NE LEGAL BUREAU
NEW DELHI, JULY 19
The Supreme Court on Friday referred to a seven-judge bench the issue whether states can grant the benefit of remission to convicts under the Constitution by laying down a common policy and without scrutinising “facts and materials” of each case by the Governor.
The vexatious legal issue caught the attention of the top court, which, while hearing the bail plea of a murder case convict Pyare Lal, was told that he has now been released from the jail after being granted the benefit of remission by the Haryana Governor under Article 161 (judicial power of Governor to pardon a convict) as per the policy of the state government.
The state government on the occasion of Independence Day in 2019, in the exercise of its powers under Article 161 of the Constitution, had decided to grant special remission to certain categories of prisoners such as if a male prisoner, convicted for life in a murder case, is above 75 years of age and completed 8 years of the sentence, then he will be granted the benefit of remission.
However, under Section 433A of the Code of Criminal Procedure (CrPC), a person, serving a life term, cannot be granted remission benefit without serving 14 years inside the jail.

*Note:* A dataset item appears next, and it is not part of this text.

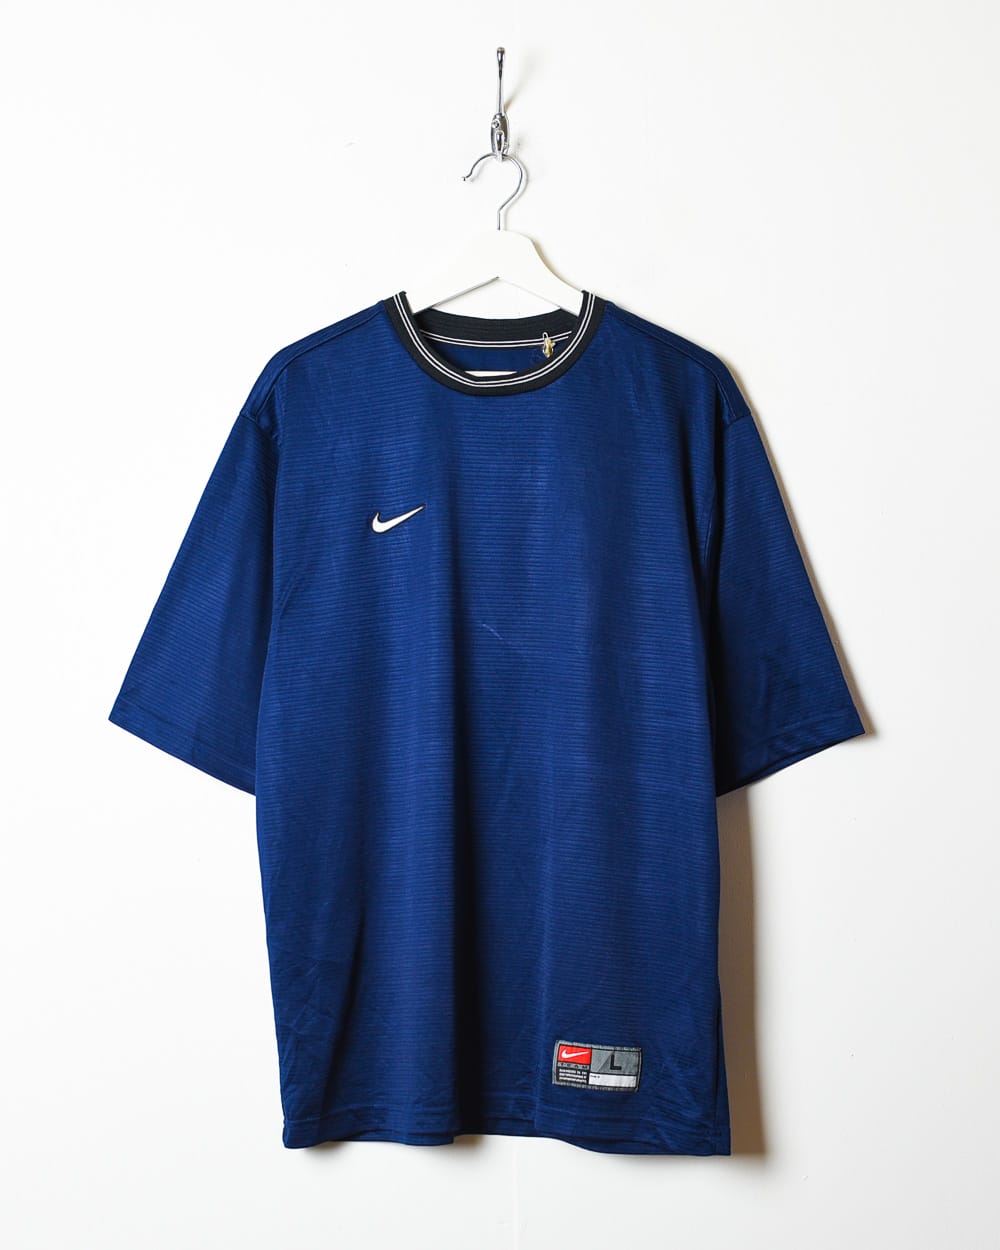 Navy Nike Team T-Shirt - Large

A bench comprising Justice U U Lalit, M M Shantanagoudar and Vineet Saran referred to a judgement of a five-judge bench, rendered in 1978 in the Maru Ram case, and said Justice V R Krishna Iyer, writing for the majority, had said there was no need for the state to pass a separate order in each individual case for granting the benefit of remission but the “general order must be clear enough to identify the group of cases and indicate the application of mind to the whole group.

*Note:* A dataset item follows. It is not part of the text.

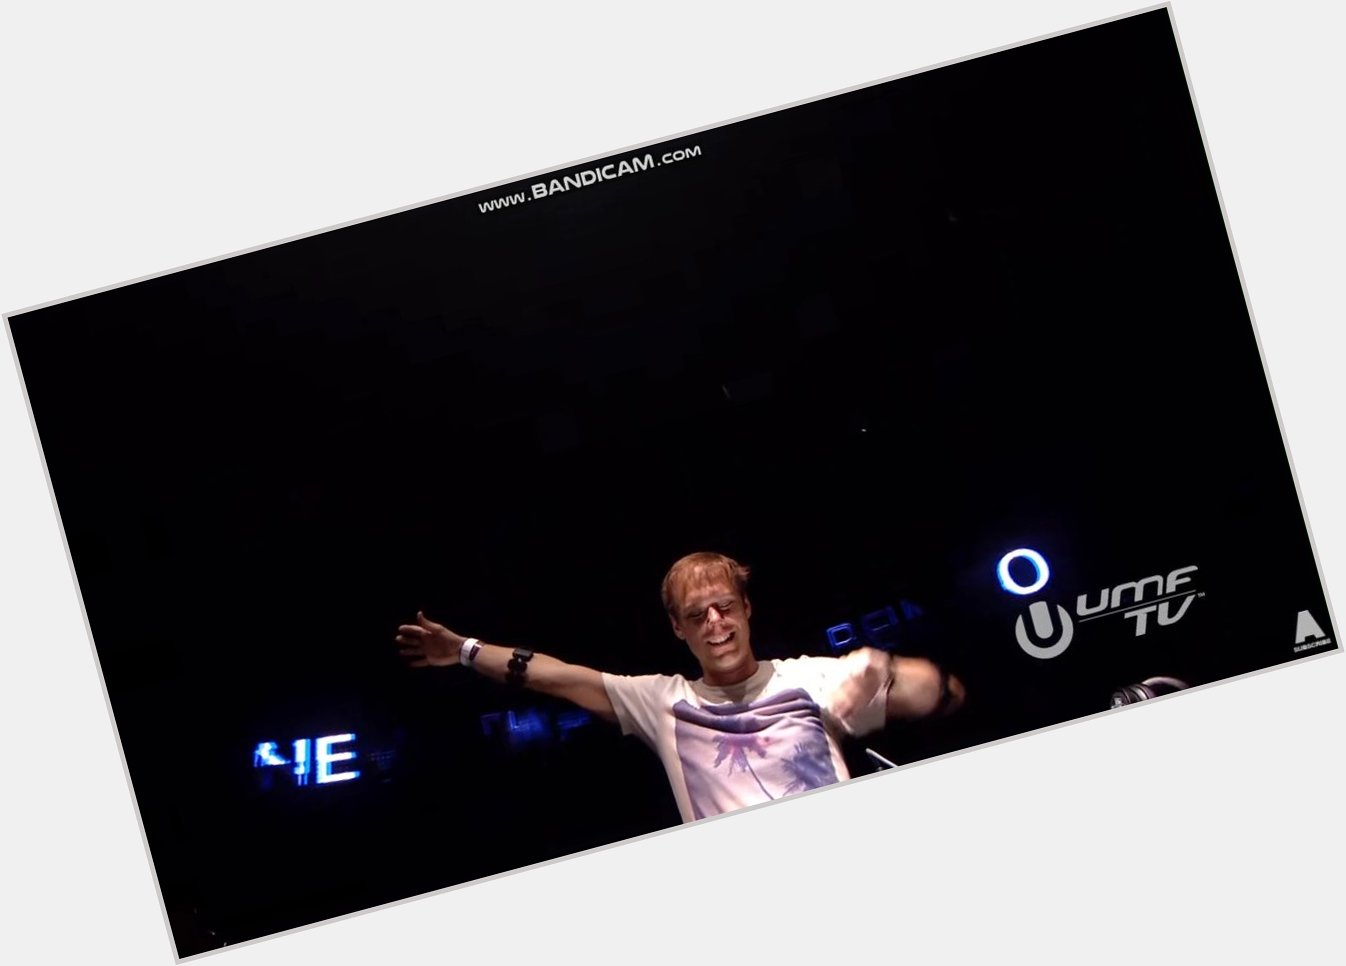 Armin Van Buuren - safe inside you. Ultra 2015. Merry Christmas and happy birthday to Armin

“The basis for such a conclusion is in the discussion… but at the same time the order issued on July 18, 1978, in the exercise of powers conferred under Article 161 of the Constitution which is an omnibus way had granted a benefit to the convicts, did not meet with the approval of the Court.”

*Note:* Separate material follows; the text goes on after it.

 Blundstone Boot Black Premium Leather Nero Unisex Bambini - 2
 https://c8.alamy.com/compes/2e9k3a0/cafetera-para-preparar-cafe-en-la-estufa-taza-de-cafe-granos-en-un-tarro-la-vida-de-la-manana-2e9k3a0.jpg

Referring to the inconsistency in the 1978 verdict, Justice Lalit, writing the judgment, decided to refer the issue to a larger bench to examine the “correctness and propriety of such an exercise” of the state.
“Whether in exercise of power conferred under Article 161 of the Constitution a policy can be framed, where under certain norms or postulates are laid down, on the satisfaction of which the benefit of remission can thereafter be granted by the Executive without placing the facts or material with respect to any of the cases before the Governor and whether such exercise can override the requirements under Section 433-A of the (Penal) Code,” reads the sole question framed by the bench for consideration of the larger bench.
“We, therefore, direct the Registry to place the matter before the Chief Justice for constituting a Bench of appropriate strength to consider the issues raised in the present matter,” the bench said in its 24-page judgment.
The top court, in the judgment, referred to the powers of the President and the Governors under the Constitution and the parameters laid down under section 433 A of the Code of Criminal Procedure to grant pardon to convicts and extensively dealt with the 1978 verdict of the Constitution bench.
“However, the question that arises is whether, in the exercise of power under Article 161 of the Constitution, a policy could be laid down setting out certain norms or postulates, on the satisfaction of which the benefit could thereafter be conferred upon or granted to the convicts by the executive without even placing the individual facts and material pertaining to the case of the convict, before the Governor,” it said.
It then examined the 2019 policy of the Haryana government to grant remission benefits to certain classes of convicts.
Every convict “(i) if the age of the convict was above 75 years in case of a male and above 65 years in case of a female, (ii) and, if the convict had completed 8 years or 6 years of actual sentence respectively, (iii) and, if the conduct of the convict in jail was satisfactory, in that the convict had not committed any major jail offence in the last two years, (iv) and the convict did not come within any of the exceptions laid down in para (2) of the Policy; the convict was released forthwith,” said the judgment on Haryana’s policy.
The state government also accepted that no individual facts or material pertaining to any of the cases were placed before the Governor and the remission benefits were granted as per the Policy, it said.
“The Governor, thus, did not have the occasion to look into the issues such as the severity of the crime or the manner in which the crime was committed or the impact of the crime on the Society or how the matter was seen and considered by the concerned courts while holding or upholding that the concerned convicts were found guilty of the offences in question,” the apex court said while referring the legal issue to the larger bench.
Earlier, the top court had sought response of the Haryana government after questioning the policy to grant remission in view of the fact that Section 433A provides that a person, serving the life term, cannot be granted the benefits before serving 14 years in jail.